• Task brief
From the data below, please reproduce exactly everything from the line that contains "fotografiya-v-stomatologii" down to the line that contains "Un un detalle", with both ends included.

• Data for this exercise
# # # # #
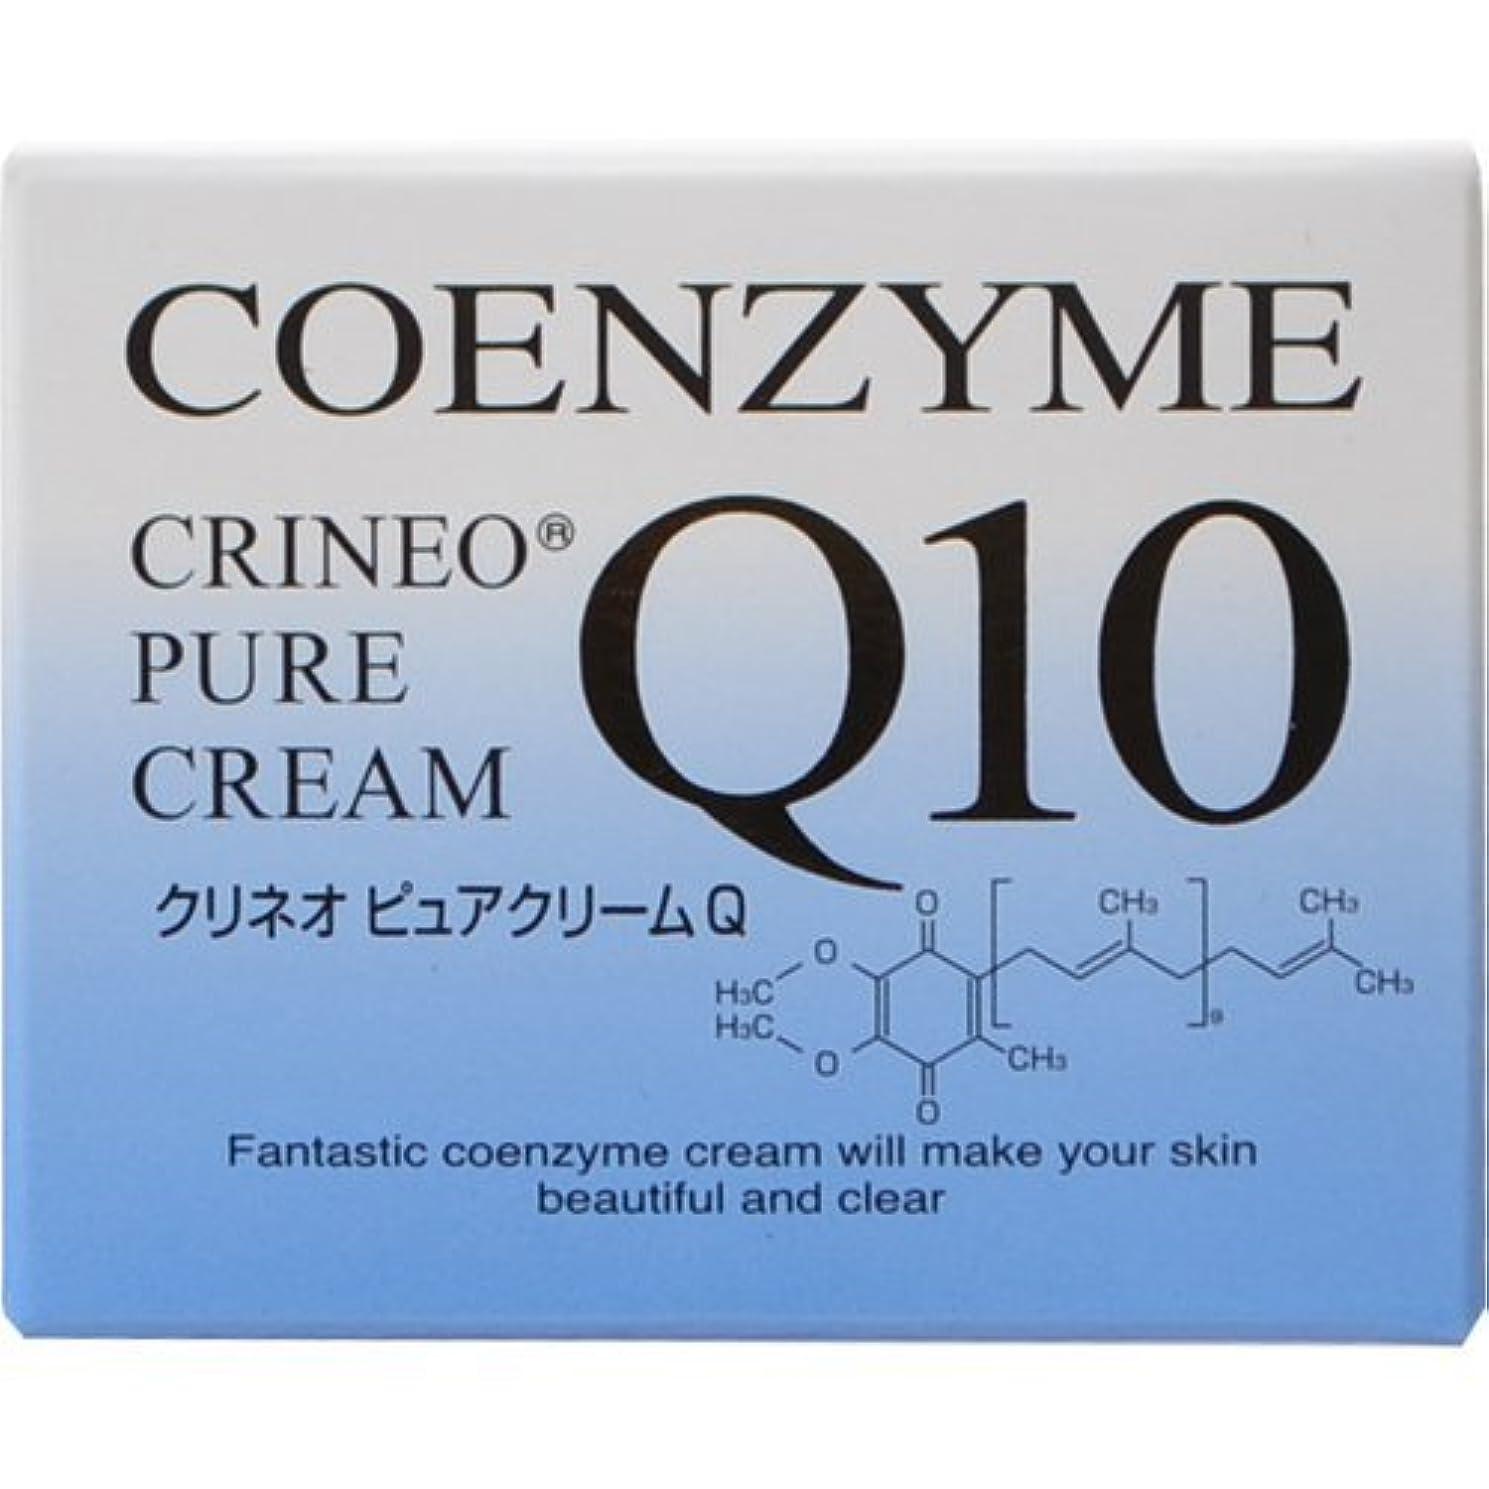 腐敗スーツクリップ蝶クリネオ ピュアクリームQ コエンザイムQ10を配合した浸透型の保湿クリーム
# # # # #
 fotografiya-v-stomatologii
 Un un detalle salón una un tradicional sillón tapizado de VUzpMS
# # # # #
• Response to this exercise
 fotografiya-v-stomatologii
 Un un detalle salón una un tradicional sillón tapizado de VUzpMS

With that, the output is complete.